Scattered  around the city are various monolithic carved alien heads - the Watchers of the Black City.  These stone monuments were once part of the city's ancient defenses.  There is a cluster of them near letter I on the city map; others stand guard near the most secure extant buildings and will be noted in the text.  Adventurers may also stumble upon a lone Watcher while wandering the city (Watcher will be an entry on the artifacts sub table when searching hex contents).

Types of Watchers
The two basic types are free standing and revolving.   Free standing Watchers look a bit like Moai of Easter Island - 20-30' tall, with heavy glassy eyes embedded in a durable igneous rock.  Revolving Watchers look like a dome or ball set into a 30' diameter ring; when activated, the ball will roll back revealing the eyes and mouth of the Watcher.  Free standing Watchers can swivel 360 degrees on the base but with a limited plane of attack.  Revolving Watchers can rotate along any plane, including attacking straight up.  (The upcoming "Face in the Ground" is an example of a massive revolving Watcher).

The men of Trade Town have encountered some Watchers near a tower with many spires - area B on the city map, and there's an associated rumor on the rumor table.

Rules for Watchers
Random Watchers should be split evenly between free standing and revolving.  There's only a 50% chance the animating force in any given Watcher is still functional.  Watchers can detect invisible and track nearby movement (range 60'); they'll attack targets not carrying a proper pass key gemstone.  Roll on the following table for security level:

1 Red, Orange, Yellow
2 Green
3-5 Blue
6 Indigo, Violet

Note:  a higher gemstone allows passage past all lower security levels - for example, a character with a blue stone can get past green-level doors or Watchers.

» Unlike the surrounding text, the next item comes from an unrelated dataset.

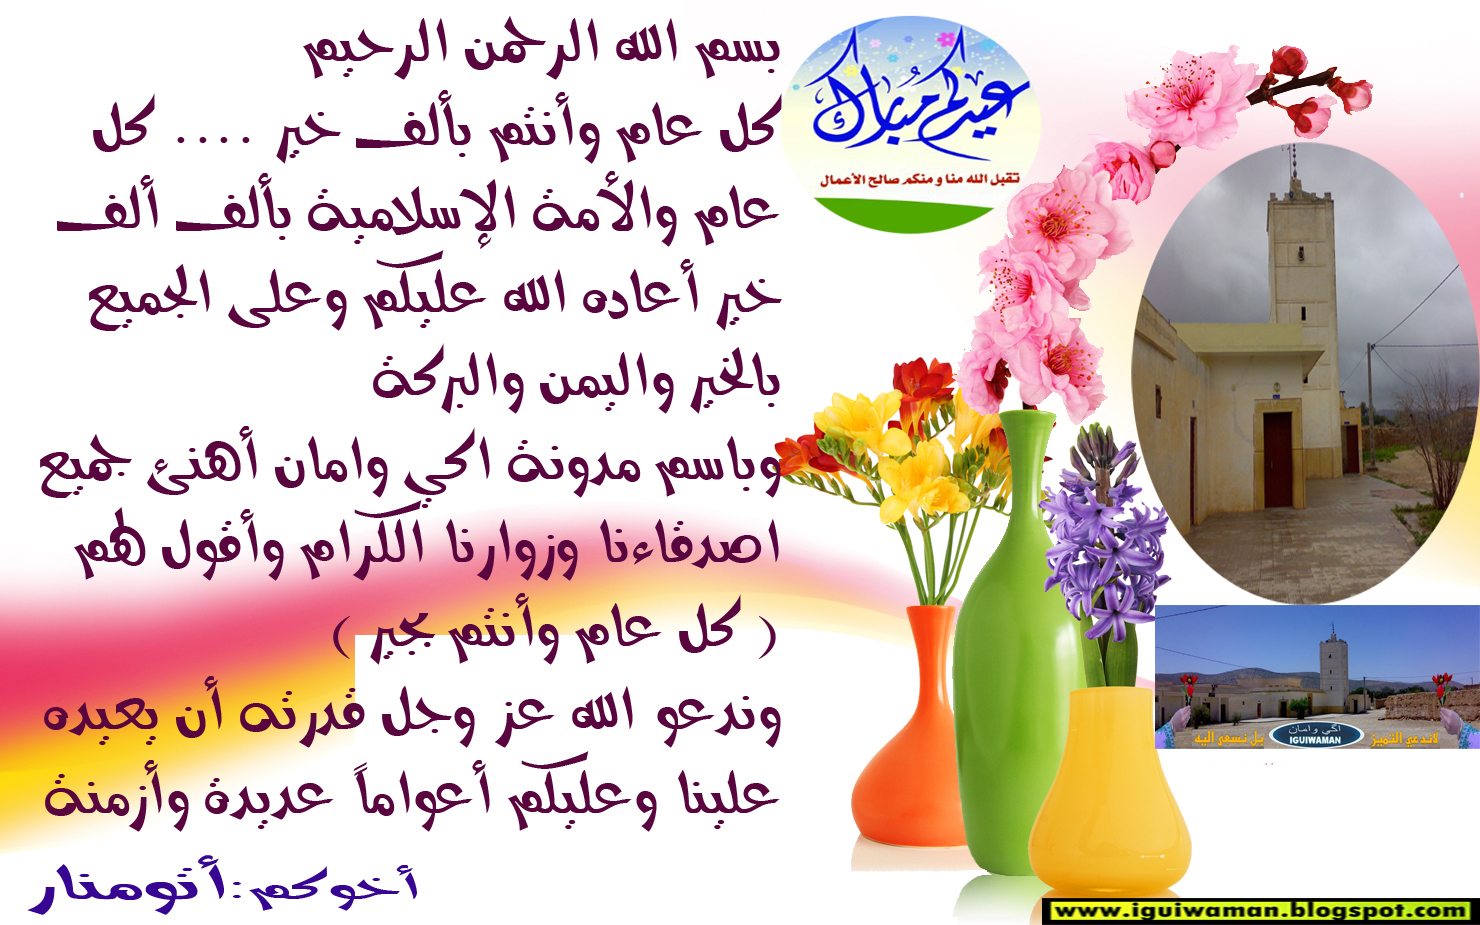 إگـــي وامــان عيد مبارك سعيد

Watchers (per Labyrinth Lord)
No. Enc.: 2-5
Alignment: Neutral
Movement: 0' (stationary)
Armor Class: 5
Hit Dice: 10
Attacks: 1
Damage: by attack type
Save: F10
Morale: 12
Hoard Class:  none
XP: 2400

Watchers are a limited form of stone golem; they can only be damaged by magic weapons and are immune to most spells (Rock to Mud acts as a Slow spell and Stone to Flesh makes it vulnerable to all attacks for 1 round).

Attacks vary, but here are some basic ideas:

Revolving Watchers
Claw and Chain
A metal claw fires out of the Watcher's mouth, striking the target for 3d8 damage and grasping the target unless a save vs paralysis is made.  A grasped target is dragged back to the mouth for chomping (automatic 3d8 damage each round) unless a save is made to escape.

Impalement
A long metal shaft fires out of the Watcher's mouth, dealing 3d8 damage.  On a natural roll of 18-20, the target is also impaled.  On the following round, the shaft will retract into the Watcher's mouth at high speed, slamming an impaled victim into the stone face for another 3d8 damage and dropping the target at the Watcher's feet.

Free Standing Watchers
Eye Blasts
A pair of eye blasts fire from the Watcher's glassy eyes.  They target a single opponent.   Roll two attacks; each hit causes 2d8 force damage and will knock the target down.

Gout of Flame
A cone of fire blasts from the Watcher's mouth, incinerating everything in the 30' cone for 3d8 (save vs dragon breath for half damage).